Coconut oil has been receiving much acclaim these days for it's high smoke point and omega-3 content. That's not what I am talking about though when I ask is it "safe."

I'm talking about literally cooking with coconut oil. Is it safe, or am I just not properly cooking with it? Whenever I lightly fry meat (salmon, or bison usually) in coconut oil, there are is a large quantity of oil droplet shrapnel discharging from the pan. This happens once the meat is in the pan, not prior to. It's also very unpredictable.

The burner is set relatively low - "3", (it turns up to "12" to give you an idea) yet I still have this problem.

So, can anyone point me in the right direction on how to minimize this risk? (besides quitting coconut oil - it tastes too good!) Google has turned up nothing.
posted by helios410 to Food & Drink (15 answers total) 1 user marked this as a favorite
 
Are you drying off the meat with a paper towel first? Anything remotely wet will make hot oil splatter. Does this happen with other oils?

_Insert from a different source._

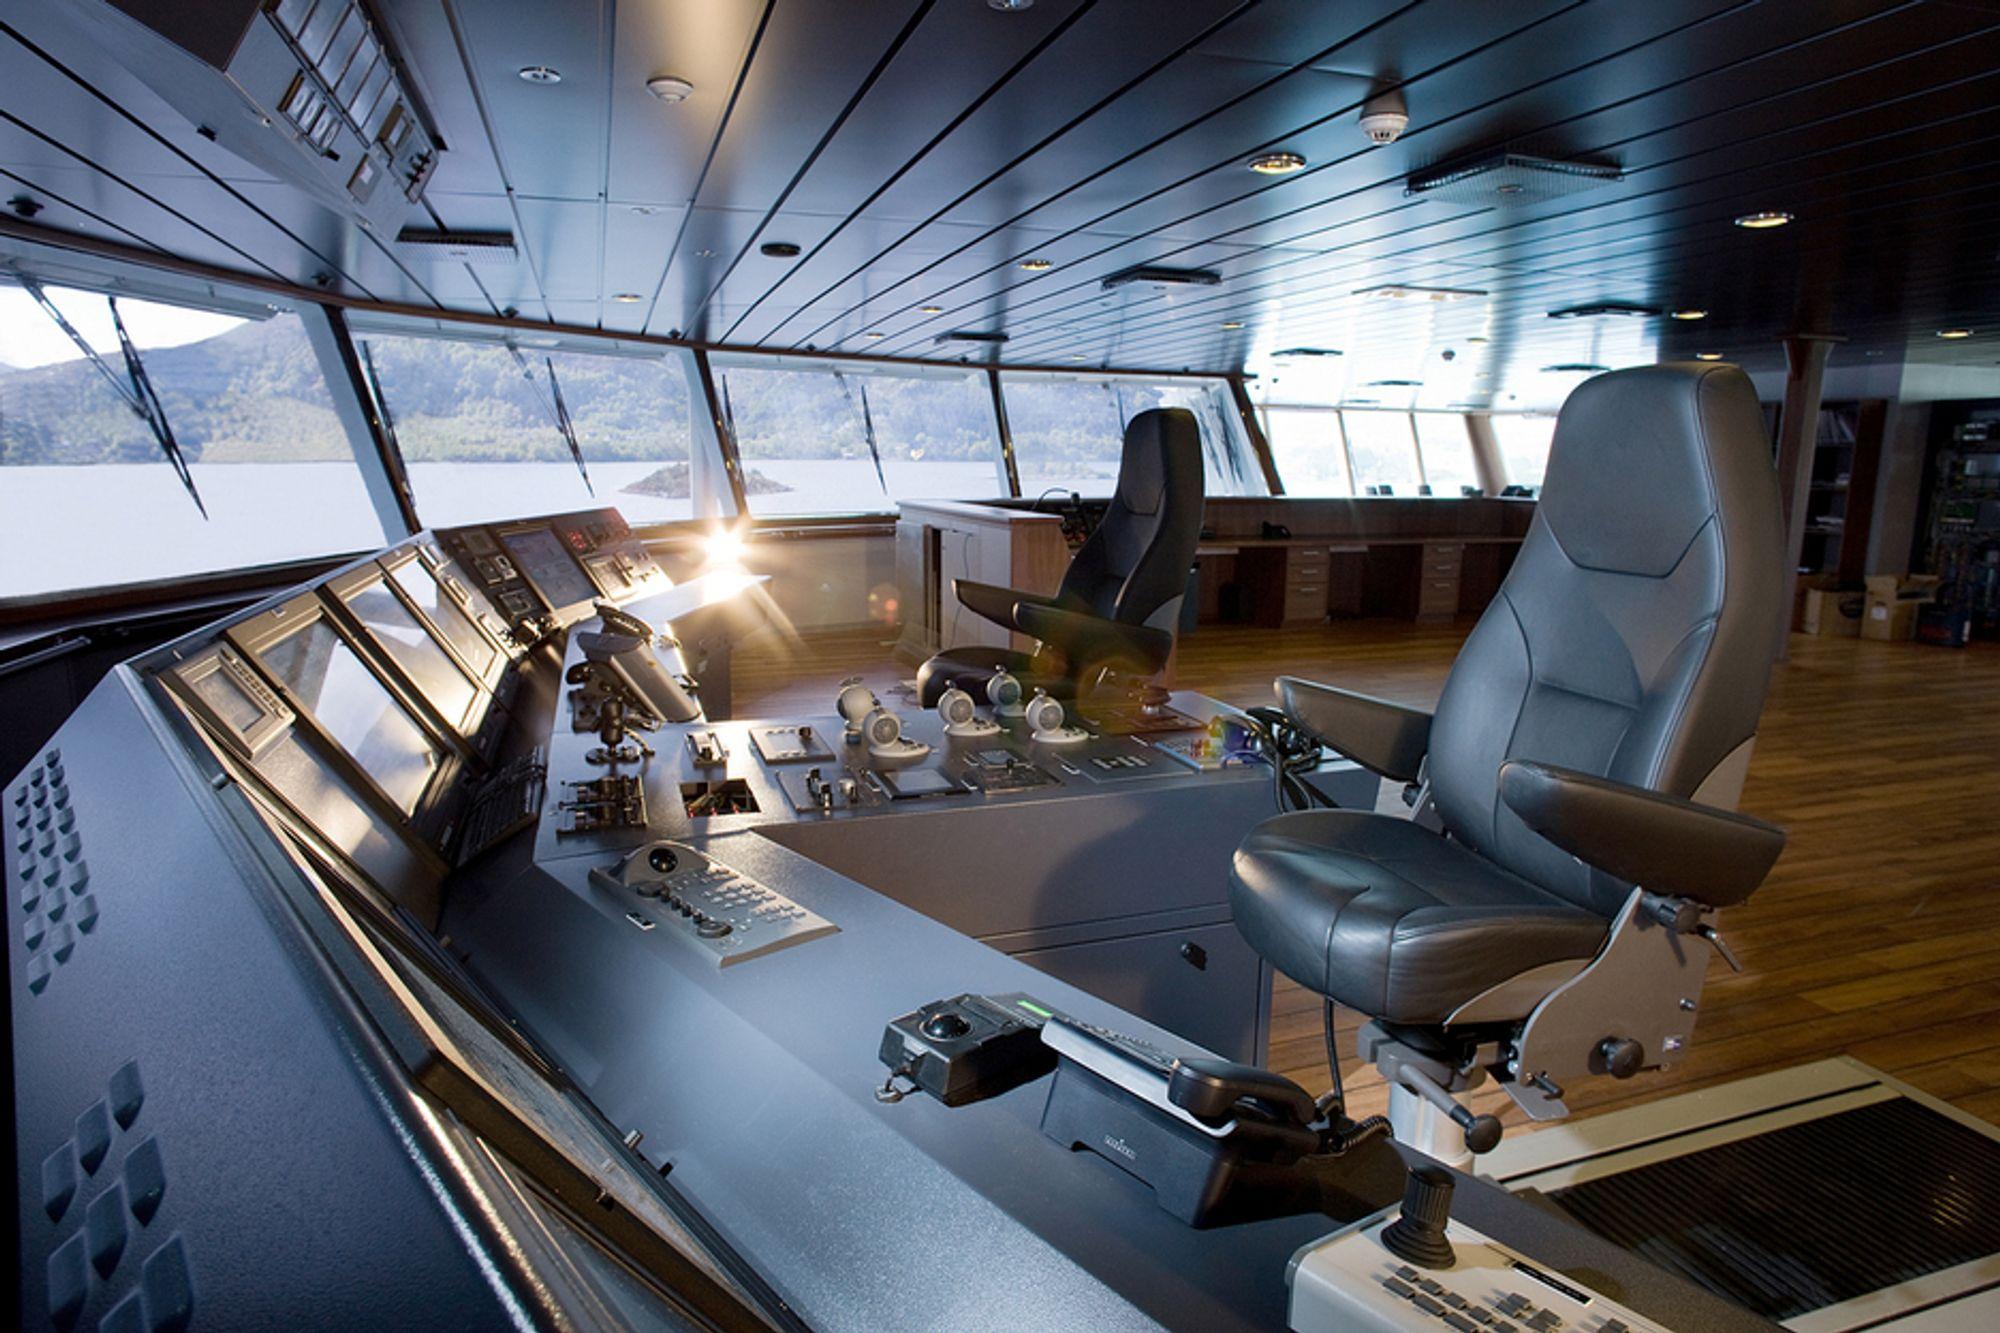 ALARM: UBAS fungerer som dødmannsknapp. Systemet oppdager dersom det opppstår uregelmessigheter på broen og varsler kaptein eller andre, både visuelt og med lyd.

If it helps, there are splatter screens for exactly this problem.
posted by corey flood at 5:40 PM on July 24, 2011 [4 favorites]


I've been doing just that for a while and I'm still alive.
posted by jwhite1979 at 5:41 PM on July 24, 2011


I cook with coconut oil all the time - making scrambled eggs, more often than not - and I have never had this problem.
posted by restless_nomad at 5:42 PM on July 24, 2011


Painting the oil onto the meat instead of putting the meat into an oiled pan might help.
posted by flabdablet at 5:53 PM on July 24, 2011


Yep, blot your meat. And maybe use a little less oil. Also, splatter screens are the bomb and practically mandatory if you ever cook bacon on the stovetop (and hate to clean the stove like I do).
posted by Knicke at 5:57 PM on July 24, 2011


Take the pan off the heat, and rest for a moment on a damp, folded tea towel. Add dry ingredients. Return pan to heat.
posted by obiwanwasabi at 6:09 PM on July 24, 2011


It's also conceivable that your pan is getting hotter than it used to. An empty pan can get quite hot if you leave it on the heat for long enough, even if the burner is only set to "3". If you're using visual properties of the oil to gauge when the pan is ready (a lot of cookbooks, for example, will tell you to wait until the oil looks "shimmery"), it's plausible that the different properties of the coconut oil are causing you to wait longer and let the pan get to a higher temperature before you put the meat in. Result: more snap, crackle, and/or pop.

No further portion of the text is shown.